Attending the Sanremo Festival live means being there, in those red velvet seats, hearing Italian music at the exact moment it is delivered to history. It is not just a concert: it is a collective ritual, a ceremony that has been repeated for over seventy years.

The Sanremo Festival: 77 years of Italian history

The Italian Song Festival was founded in 1951 and for over seventy years has been a mirror of a changing Italy: it has seen Domenico Modugno with his arms open to the wind and “Nel blu dipinto di blu” (1958), Lucio Battisti, Fabrizio De André, Zucchero, Laura Pausini, Giorgia, Vasco Rossi, Ramazzotti. It has launched the careers of artists who have represented the country around the world and has consecrated generations of fans.
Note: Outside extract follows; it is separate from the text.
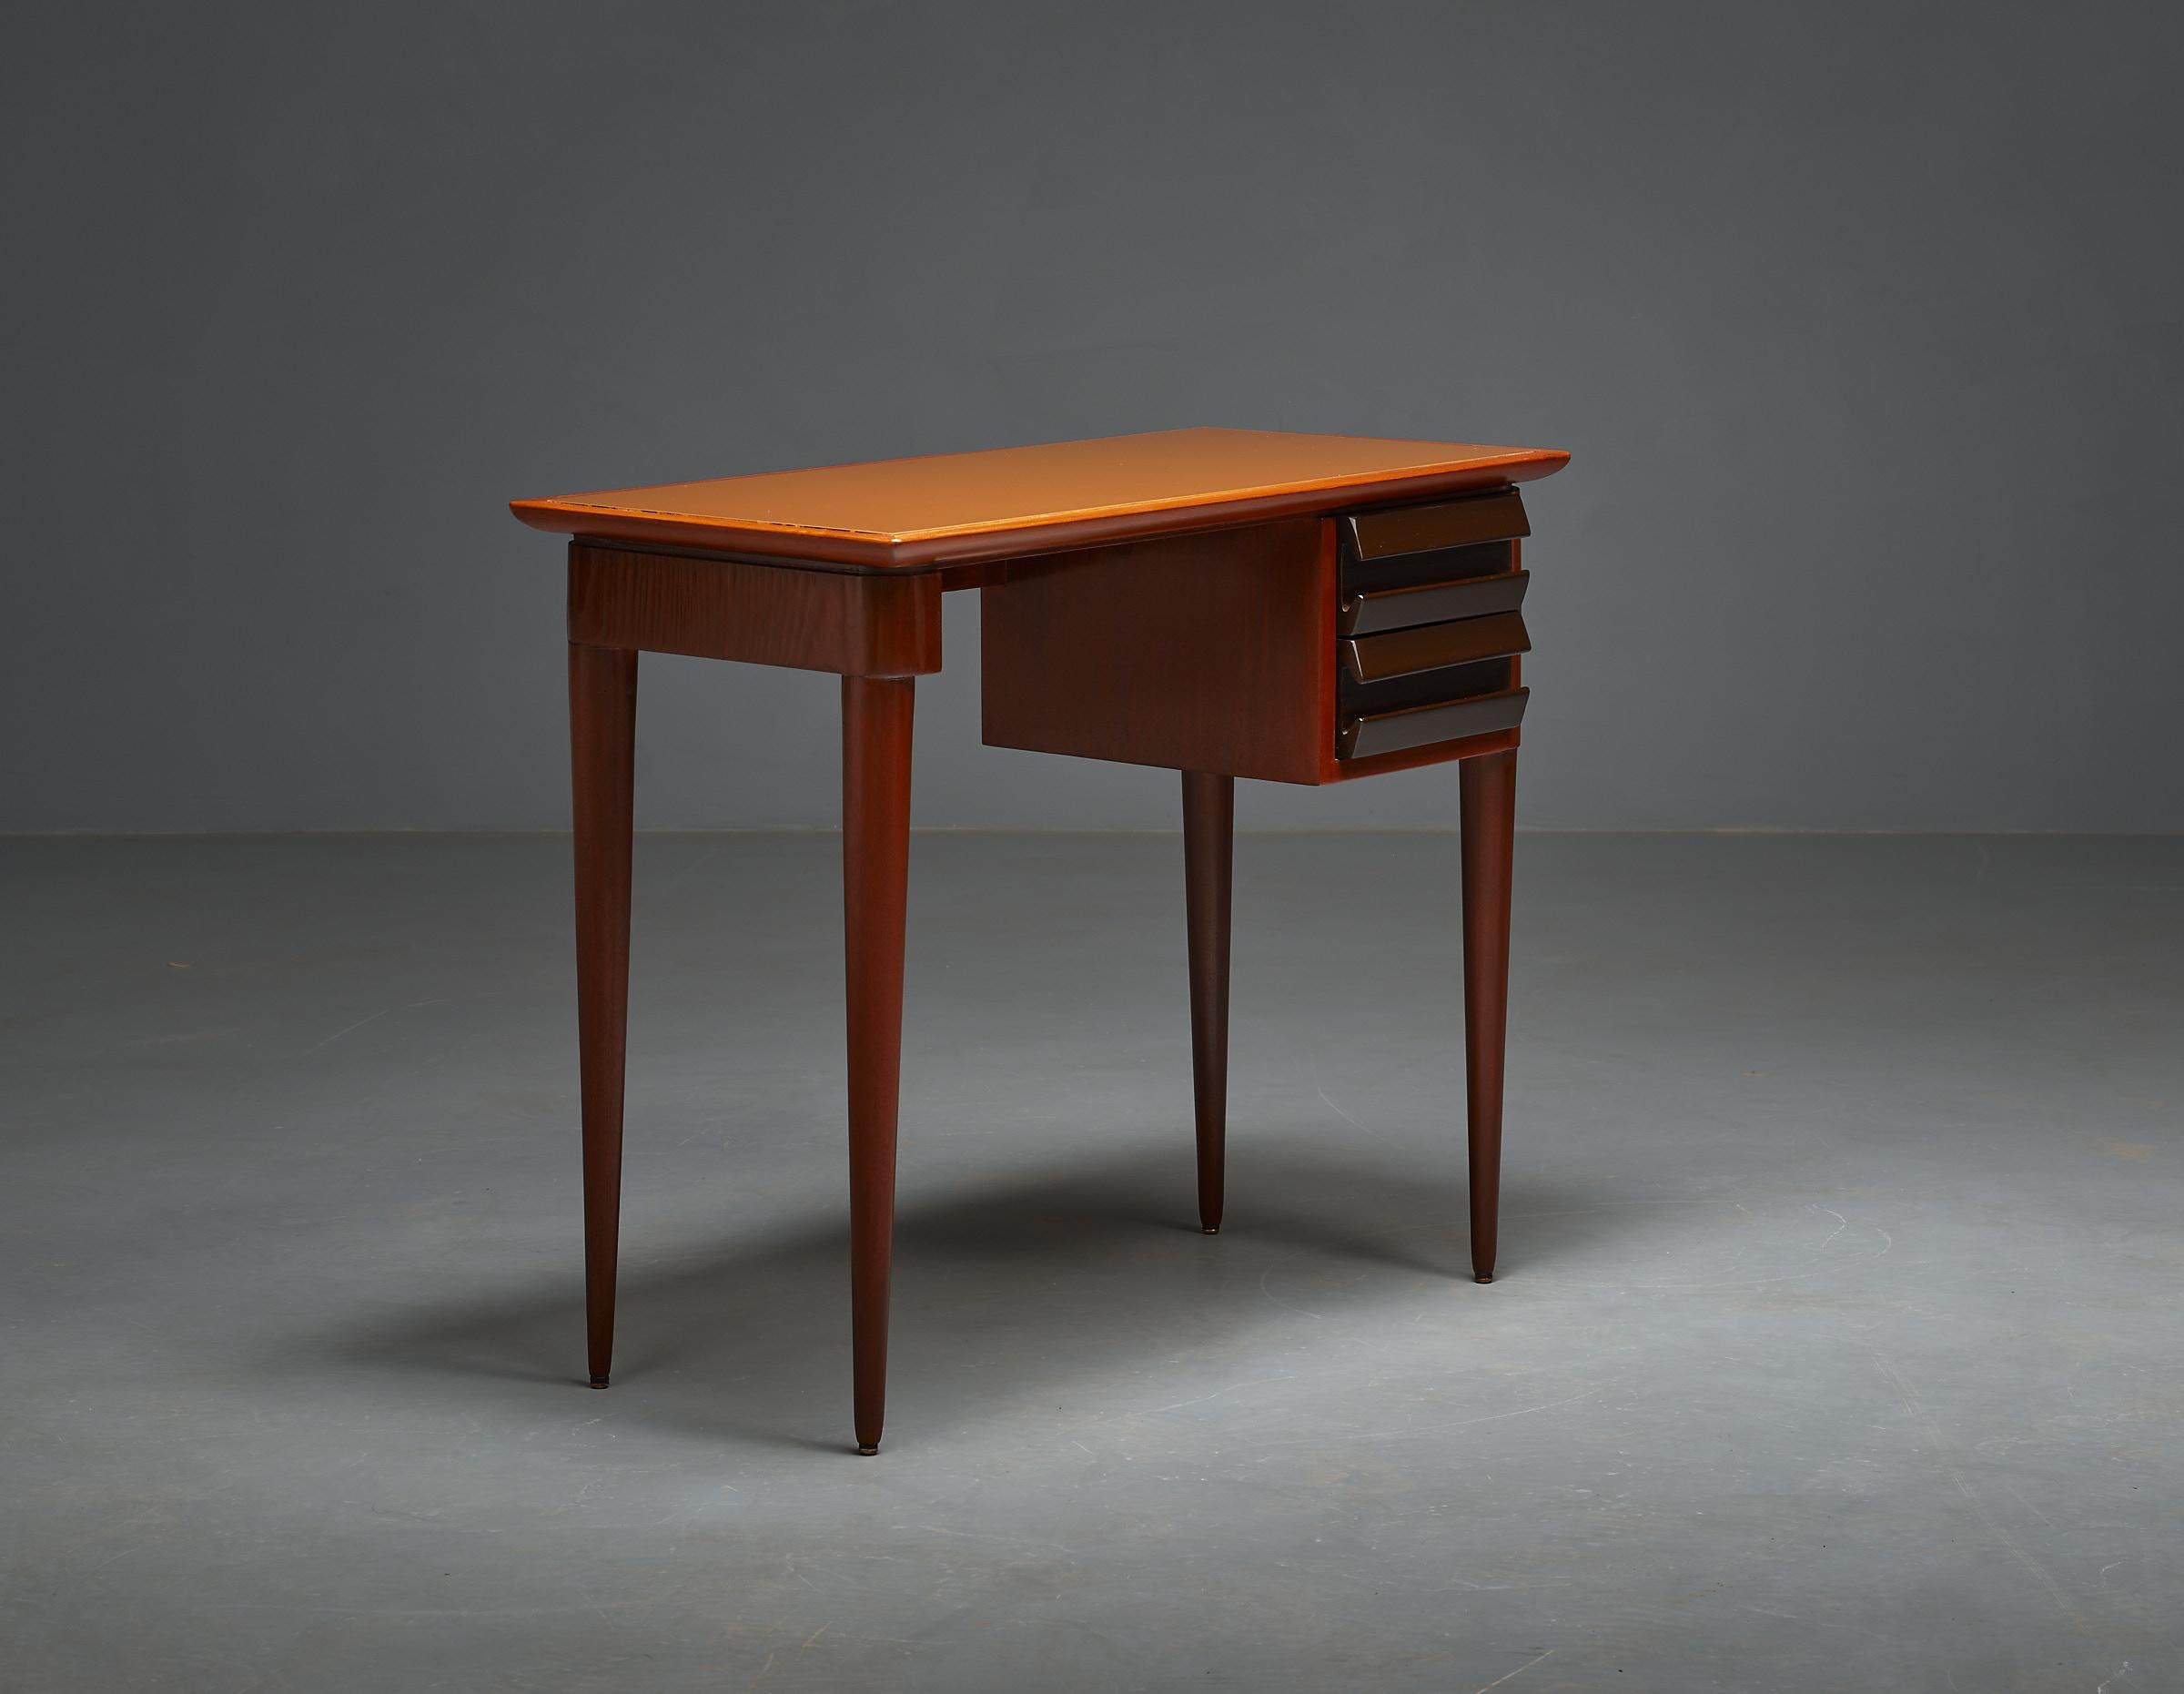 1950s Italian Design Desk by Vittorio Dassi - Exquisite, Elegant, and Restored 3

In 2026, the 76th edition crowned Sal Da Vinci with “Per sempre sì” — a song that blended the Neapolitan melodic tradition with contemporary sounds, winning over the Italian public and taking Italy to the Eurovision Song Contest in Vienna. The baton now passes to Stefano De Martino and the 77th edition, ready to write a new chapter.

Coming to Sanremo during Festival week means immersing yourself in this history. Walking the same streets, breathing the same air, hearing the music coming out of the Ariston and filling the city. It is something that a true lover of Italian music should do at least once in their lifetime.